WHAT TO DO: After finding the line with "Materials: Carrara Marble" in the data below, set down exactly each line through the one with "I mean. Dunes", inclusive, and stop there.

--------------------------------------------------

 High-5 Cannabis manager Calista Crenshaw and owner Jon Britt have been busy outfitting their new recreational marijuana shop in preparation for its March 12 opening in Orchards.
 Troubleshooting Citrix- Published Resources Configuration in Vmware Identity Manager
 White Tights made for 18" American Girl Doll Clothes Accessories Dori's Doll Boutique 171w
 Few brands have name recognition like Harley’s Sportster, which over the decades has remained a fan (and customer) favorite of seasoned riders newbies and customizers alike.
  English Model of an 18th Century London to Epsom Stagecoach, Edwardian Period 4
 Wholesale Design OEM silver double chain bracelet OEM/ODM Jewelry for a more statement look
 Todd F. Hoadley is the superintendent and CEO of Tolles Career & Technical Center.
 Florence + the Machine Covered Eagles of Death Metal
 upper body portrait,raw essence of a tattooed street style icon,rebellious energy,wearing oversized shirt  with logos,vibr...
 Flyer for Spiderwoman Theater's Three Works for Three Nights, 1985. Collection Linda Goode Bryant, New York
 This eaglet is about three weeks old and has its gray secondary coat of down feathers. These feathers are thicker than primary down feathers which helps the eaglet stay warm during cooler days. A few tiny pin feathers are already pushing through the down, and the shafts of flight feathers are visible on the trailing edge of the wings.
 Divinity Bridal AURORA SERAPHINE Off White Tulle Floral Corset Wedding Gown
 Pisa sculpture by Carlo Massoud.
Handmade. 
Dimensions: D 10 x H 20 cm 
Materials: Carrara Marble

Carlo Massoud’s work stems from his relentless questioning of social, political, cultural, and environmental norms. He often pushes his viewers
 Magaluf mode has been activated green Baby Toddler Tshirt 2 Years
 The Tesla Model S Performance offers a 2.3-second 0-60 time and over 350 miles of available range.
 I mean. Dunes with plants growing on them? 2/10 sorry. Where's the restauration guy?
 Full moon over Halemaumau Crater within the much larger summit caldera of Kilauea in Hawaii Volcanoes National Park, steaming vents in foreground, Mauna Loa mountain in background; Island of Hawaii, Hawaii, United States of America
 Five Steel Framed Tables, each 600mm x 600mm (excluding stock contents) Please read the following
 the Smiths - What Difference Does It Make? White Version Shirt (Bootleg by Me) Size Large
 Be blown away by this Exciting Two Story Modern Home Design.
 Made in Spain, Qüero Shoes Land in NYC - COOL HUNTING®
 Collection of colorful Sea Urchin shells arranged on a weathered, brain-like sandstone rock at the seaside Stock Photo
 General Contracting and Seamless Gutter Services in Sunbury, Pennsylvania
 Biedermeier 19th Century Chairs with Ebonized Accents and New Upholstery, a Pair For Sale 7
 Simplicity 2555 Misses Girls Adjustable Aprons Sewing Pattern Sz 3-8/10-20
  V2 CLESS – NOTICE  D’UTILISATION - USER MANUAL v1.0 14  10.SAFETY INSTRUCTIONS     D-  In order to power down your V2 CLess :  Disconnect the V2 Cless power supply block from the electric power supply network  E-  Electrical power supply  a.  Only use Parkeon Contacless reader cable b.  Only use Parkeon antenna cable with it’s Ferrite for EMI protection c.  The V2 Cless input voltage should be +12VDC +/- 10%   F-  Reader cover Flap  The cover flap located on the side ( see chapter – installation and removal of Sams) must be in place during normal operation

--------------------------------------------------

YOUR SOLUTION:
Materials: Carrara Marble

Carlo Massoud’s work stems from his relentless questioning of social, political, cultural, and environmental norms. He often pushes his viewers
 Magaluf mode has been activated green Baby Toddler Tshirt 2 Years
 The Tesla Model S Performance offers a 2.3-second 0-60 time and over 350 miles of available range.
 I mean. Dunes with plants growing on them? 2/10 sorry. Where's the restauration guy?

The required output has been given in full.